Klara And The Sun by Kazuo Ishiguro
Brave New World
Klara And The Sun is Nobel-prize winning author Kazuo Ishiguro’s latest book. And what an unusual book it is! The story is set in the future - but not so far out that it is hard to empathize with. It is also mildly dystopian and it is this mildness that seems to be what’s unsettling about the book.
The story is told in the voice of Klara. Our narrator is a young girl but not an actual human being. She is an AF - or Artificial Friend - a concept that isn’t fully explained but we quickly gather that she is a humanoid robot. Klara is also distinguished from other AFs in that she is particularly skilled at noticing the smallest details about people - and their emotions. The importance of this skill and her empathy play an important part in the story.
Klara is bought by Josie’s mother to be her AF. Josie is a young teenager who lives with her mother and an Eastern European housekeeper called, interestingly enough, Melania. For much of the book, there are no references to her father, another angle that only gets revealed over time. Josie’s mother brings Klara home to be Josie’s companion - to provide her not just company but also to help take care of her because Josie is sick with a mystery illness that will almost certainly take her life.

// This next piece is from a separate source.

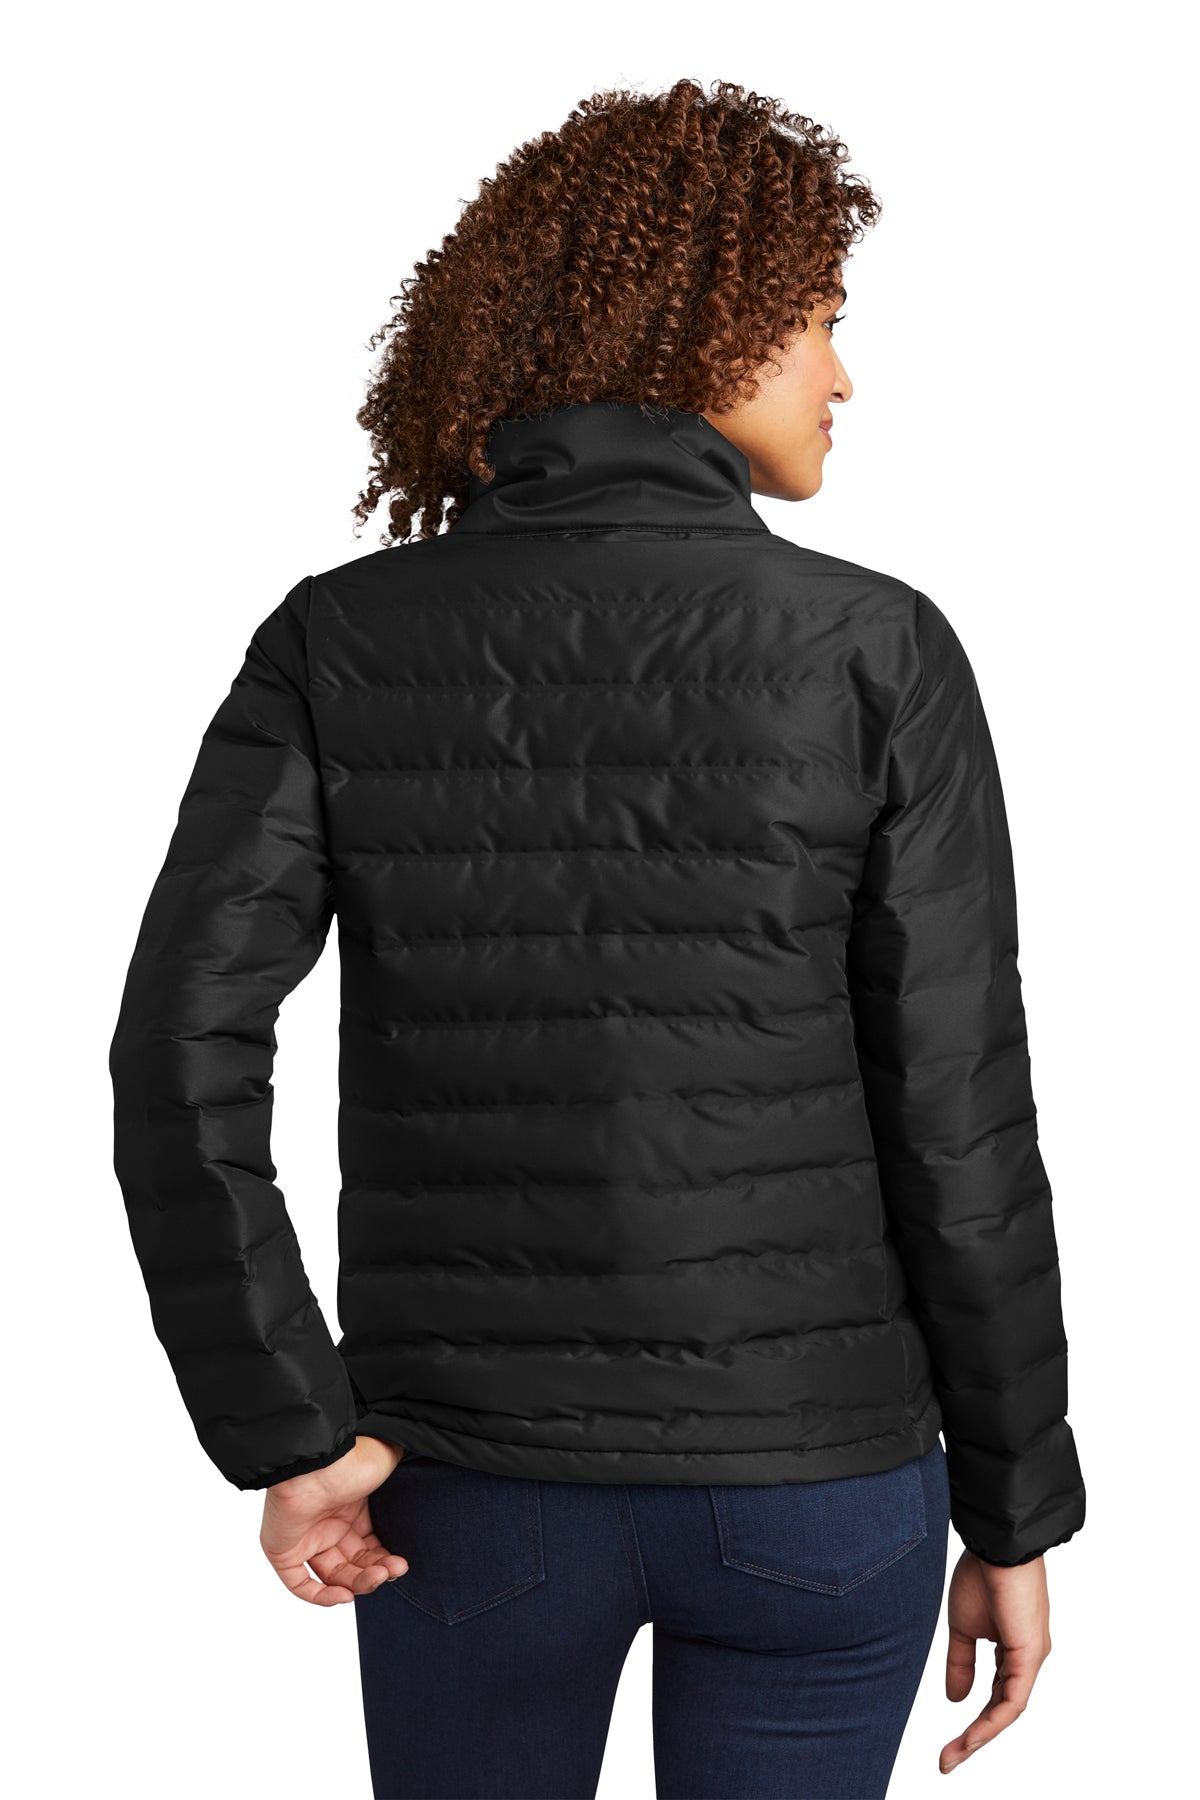 OGIO Ladies Street Puffy Full-Zip Jacket Blacktop

Klara, like all AFs, is solar-powered, and that’s the reference to ‘The Sun’ which provides Klara both power and nourishment. The Sun also serves as a near god-like influence on Klara. God is otherwise absent in this tale that deals with the compelling unfairness of a young child who might be dying.
Josie is in love with the neighbor boy, Rick and they make plans to be together their whole lives. The most important difference between this boy Rick and the other kids like Josie is that Rick is ‘regular’ while Josie and her friends are ‘lifted’. Ishiguro doesn’t get into many details about what ‘lifted’ means but we surmise that in this future, parents - at least the rich ones - have the option to have their children be genetically enhanced (along the lines of Yuval Noah Harari’s Homo Deus) so that they operate at a higher level than regular humans. Rick is poor and possibly therefore unlifted. This fact leads to him being an object of some fascination among the other kids.
Without giving away the plot too much, what happens is that the story moves along as Klara thinks she has a way to save Josie from her impending death and makes plans accordingly. Meanwhile, her mother is making completely different plans for how to deal with what might happen in the near future when Josie most likely dies. Josie’s father makes an appearance late in the book as someone who in the past has rejected this artificially intelligent future society and currently lives in what sounds, depending on one’s perspective, like either a rebel commune or a fascist cult. He plays a key part in a very interesting denouement to the story.
For at least the first half of the book, the story seemed so art-sy that I wondered about giving up. This interesting premise in a dystopian future is restrained but still succeeds in being quite a disturbing take on a time and society we could be headed towards. None of this future is unbelievably over-the-top and so it all seems uncomfortably within the realm of the possible in the next several decades.
So do I recommend this book? I felt like this book was smarter than I was and I am tempted to go back and read this book after some time has passed in the hope that on a second reading it will seem more familiar and more easy to appreciate. I suppose that means, yes, I do recommend it!